Ahora,  si bien la Sala refutada, en este escenario aludió al «alto  volumen de expedientes [que  posee]»,  al  «análisis  de los procesos penales [que]  se realiza con estricto cumplimiento de los turnos asignados,  teniendo en cuenta su fecha de ingreso al despacho y término  de prescripción»,  y resaltó, además, que en «el  proceso en comento se puede constatar que el fenómeno de la  prescripción ocurriría el día 06 de febrero de  2024, [por  lo que la]  fecha tentativa de análisis de fondo de la providencia objeto  de impugnación, aproximadamente [en]  cinco  (5) meses (…)»;  tal  aseveración no «justifica»  la mora que el quejoso le atribuye.  

Memórese  que la Ley Estatutaria de la Administración de Justica – 270  de 1996 – impuso a los Jueces el ineludible deber de «evitar  la lentitud procesal»  (art. 153, núm. 20) y los códigos de procedimiento  refuerzan ese objetivo al contemplar distintos mecanismos destinados  a asegurar el cabal cumplimiento de los plazos razonables de duración  de las «actuaciones»  jurisdiccionales,  como «garantía  esencial»  de  los justiciables en el marco de un Estado Social y Democrático  de Derecho (canon 120 ibidem).  

De  suerte que está proscrita cualquier tardanza o pasividad  infundada en los «procesos»,  porque  incide directa o indirectamente en las «garantías»  básicas de quienes acuden en procura de una solución  eficaz y célere.  

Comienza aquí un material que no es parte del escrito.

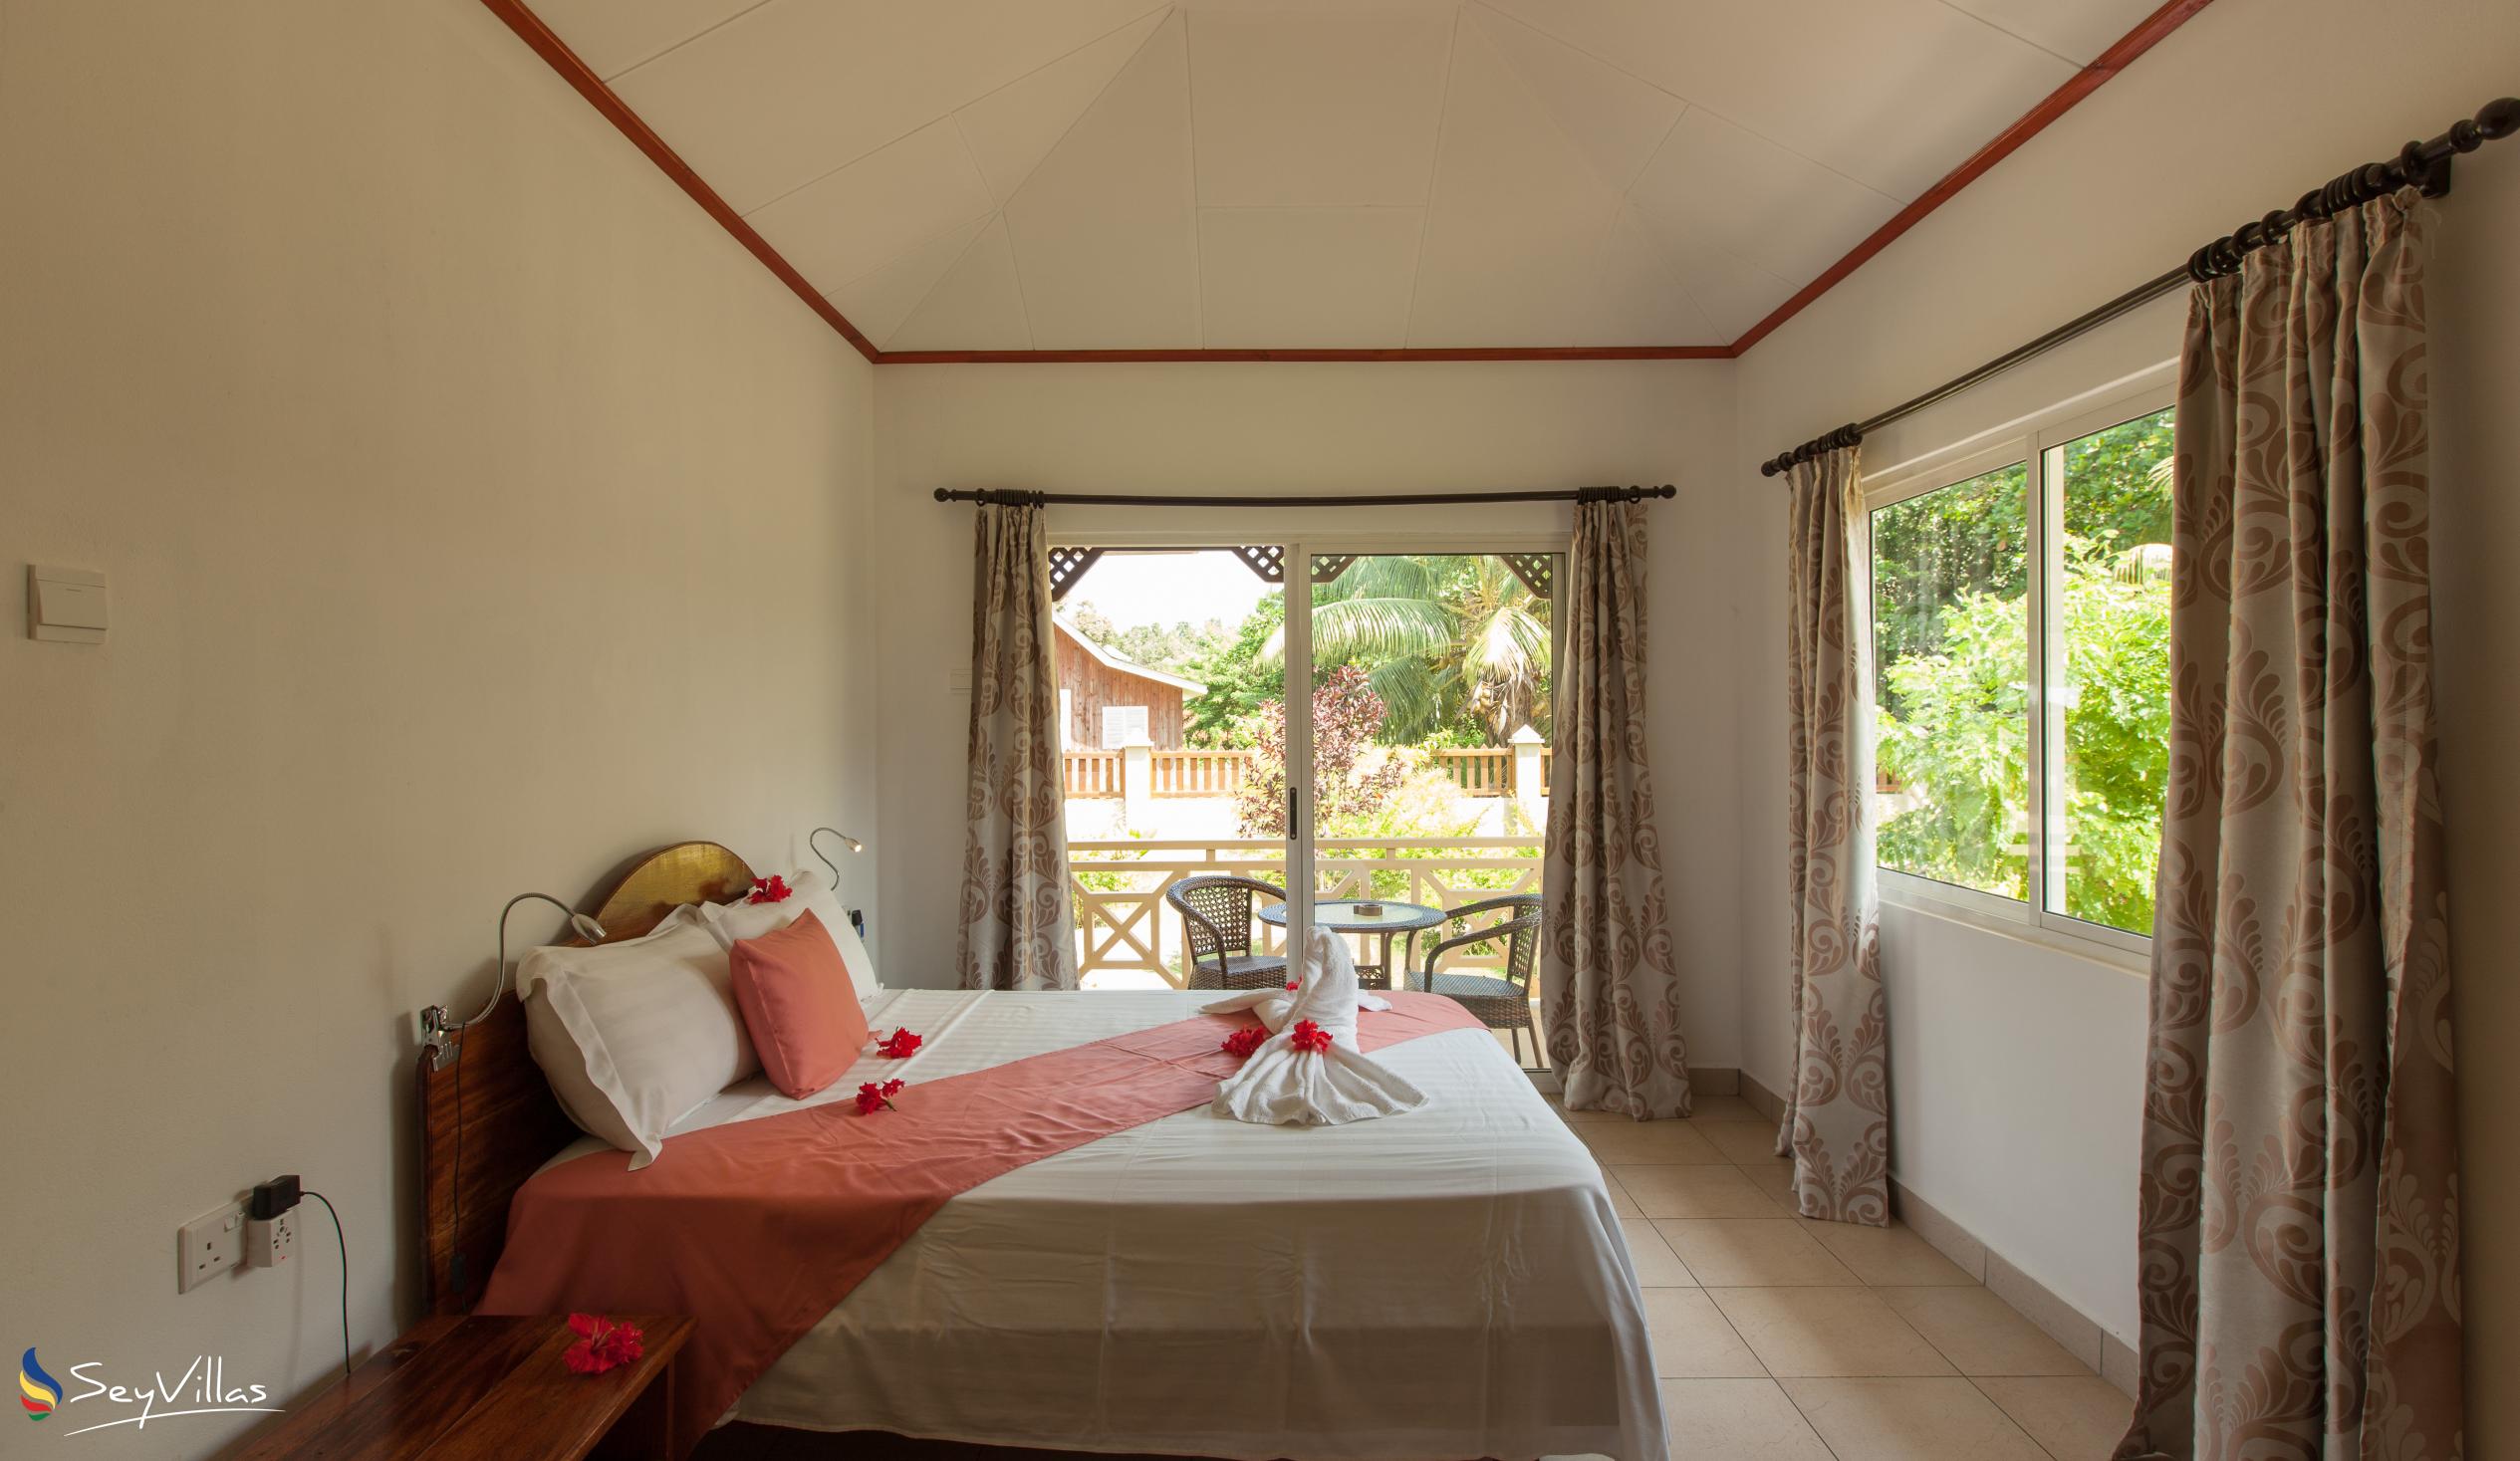 Foto 47: Hostellerie La Digue - Chalet 2 chambres - La Digue (Seychelles)

En  tal sentido, ha sido pacífica la jurisprudencia de esta Corte,  al predicar:  

(…)  uno de los principios que integran el debido proceso, consiste en  que, tratándose de actuaciones judiciales o administrativas,  éstas fuera de ser públicas, se cumplan sin dilaciones  “injustificadas”, o sea, que el trámite se  desenvuelva con sujeción a la legislación ritual  legalmente establecida y, por ende, con observancia de los pasos y  términos que la normatividad ha organizado para los diferentes  procesos y actuaciones administrativas. Si, sin motivo justificado,  el funcionario judicial o administrativo se desentiende de impulsar y  decidir la actuación dentro de los periodos señalados  por el ordenamiento (arts. 209 y 228 Const. Nal.), tal conducta es  lesiva del derecho constitucional del debido proceso, como  ciertamente en el punto lo señala el artículo 29 de la  Carta Política. Porque las personas, no solo tienen derecho a  acceder a la justicia (art. 229 Const. Nal.), sino además que  sus súplicas o peticiones se impulsen y decidan con  acatamiento a los términos procesales (…) Así  entonces, resultaría viable la protección si logra  verificarse que la dilación denunciada carece de explicación  válida, esto es, «(…)  que sean el indisimulado producto “de un comportamiento  desidioso, apático o negligente de la autoridad vinculada, y  no cuando ésta obedece a circunstancias objetiva y  razonablemente justificadas.  (STC5481-2020,  reiterada en STC11505-2020, STC1718-2023 y STC4816-2023).  

DECISIÓN  

En  mérito de lo expuesto, la Corte Suprema de Justicia, en Sala  de Casación Civil, Agraria y Rural, administrando justicia en  nombre de la República de Colombia y por autoridad de la  Constitución,  CONFIRMA  la  sentencia de fecha, naturaleza y procedencia conocida, pero por las  reflexiones vertidas en esta providencia.  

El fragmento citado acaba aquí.